* _DATA TO PROCESS_
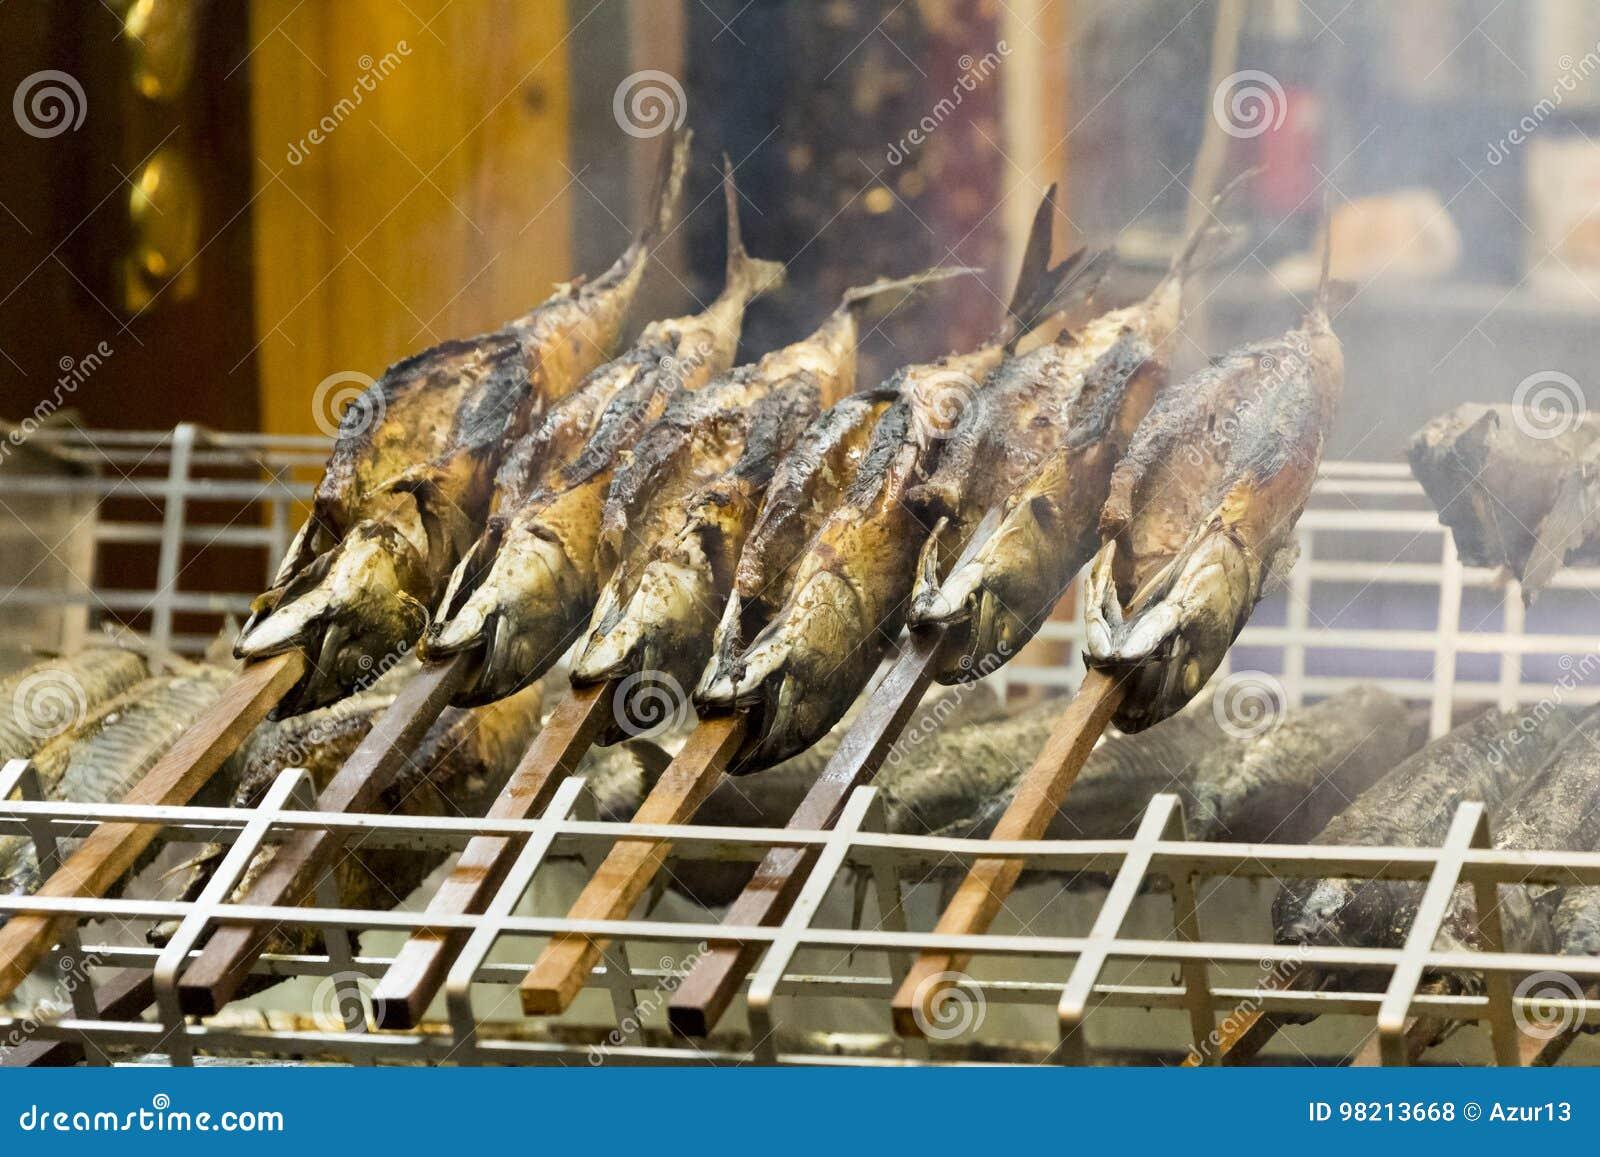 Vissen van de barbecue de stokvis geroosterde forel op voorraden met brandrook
* * *
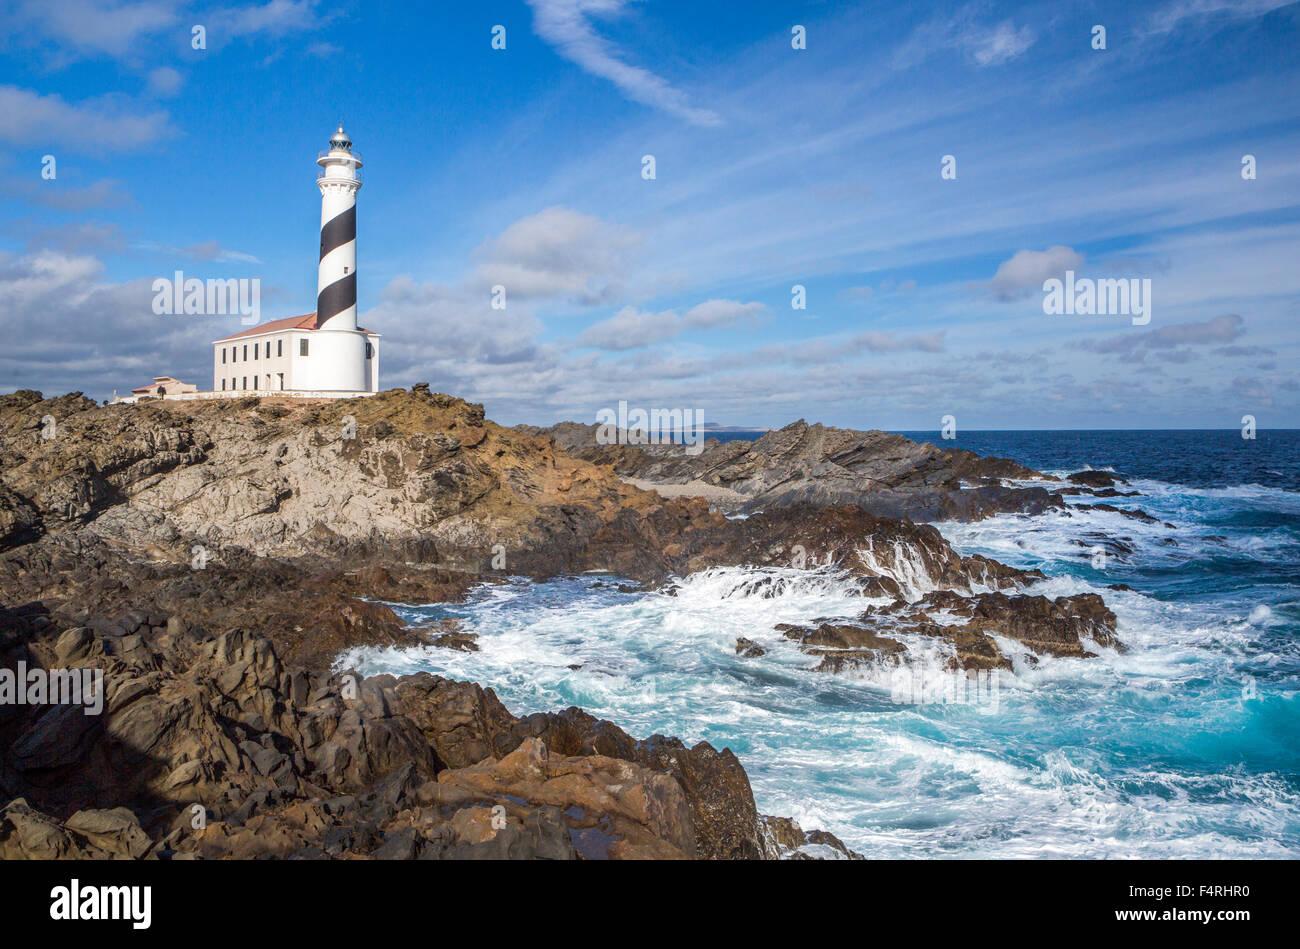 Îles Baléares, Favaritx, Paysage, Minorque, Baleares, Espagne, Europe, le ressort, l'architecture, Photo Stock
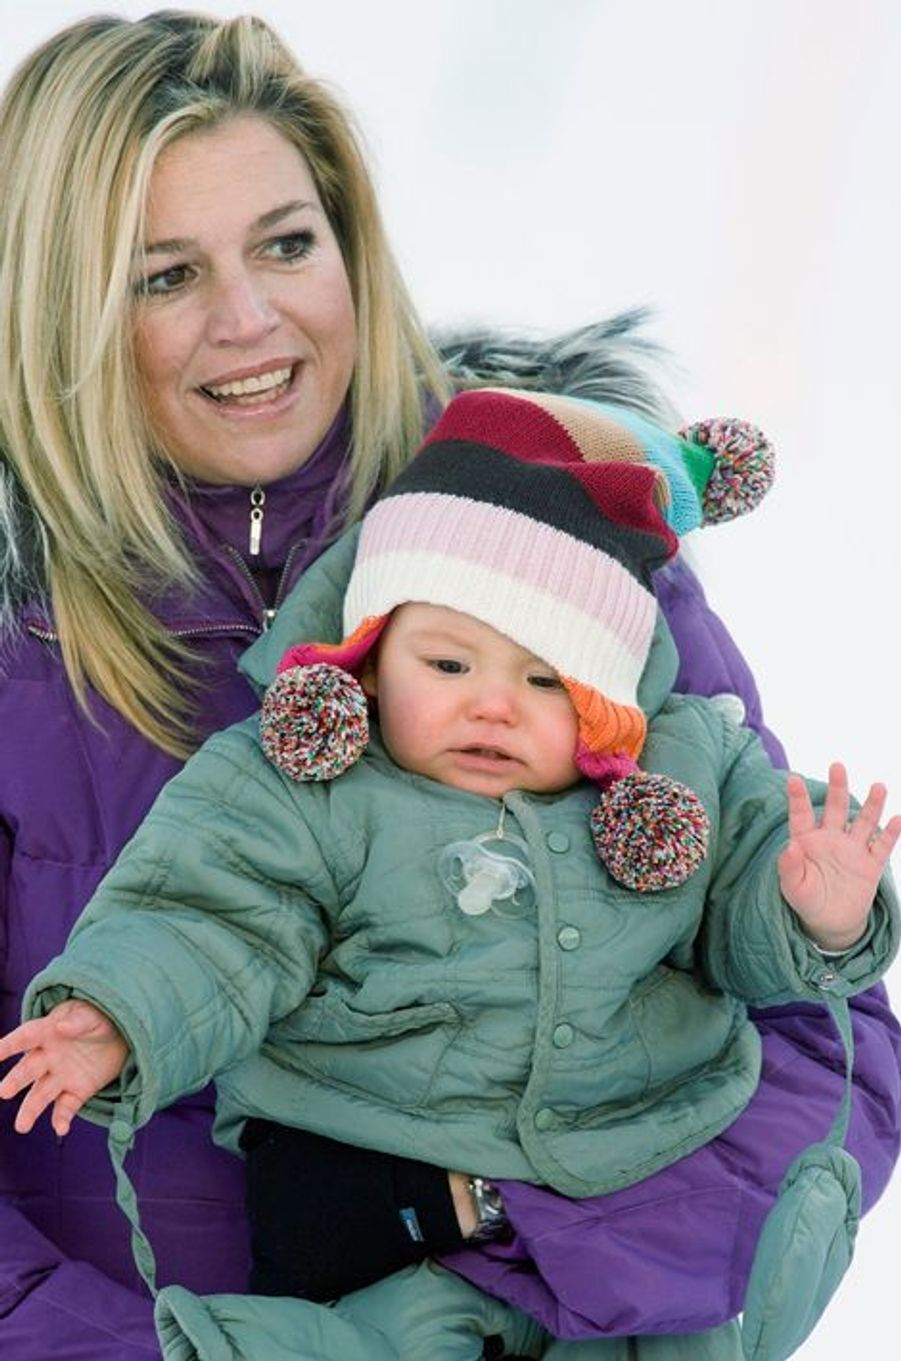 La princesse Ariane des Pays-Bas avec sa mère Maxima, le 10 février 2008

* _YOUR OBJECTIVE_
Look above for the line with "l'architecture, Photo Stock" and the line with "La princesse Ariane". Output those two and everything between them exactly, pictures excluded.

* _PROBLEM SOLUTION_
 Îles Baléares, Favaritx, Paysage, Minorque, Baleares, Espagne, Europe, le ressort, l'architecture, Photo Stock
 La princesse Ariane des Pays-Bas avec sa mère Maxima, le 10 février 2008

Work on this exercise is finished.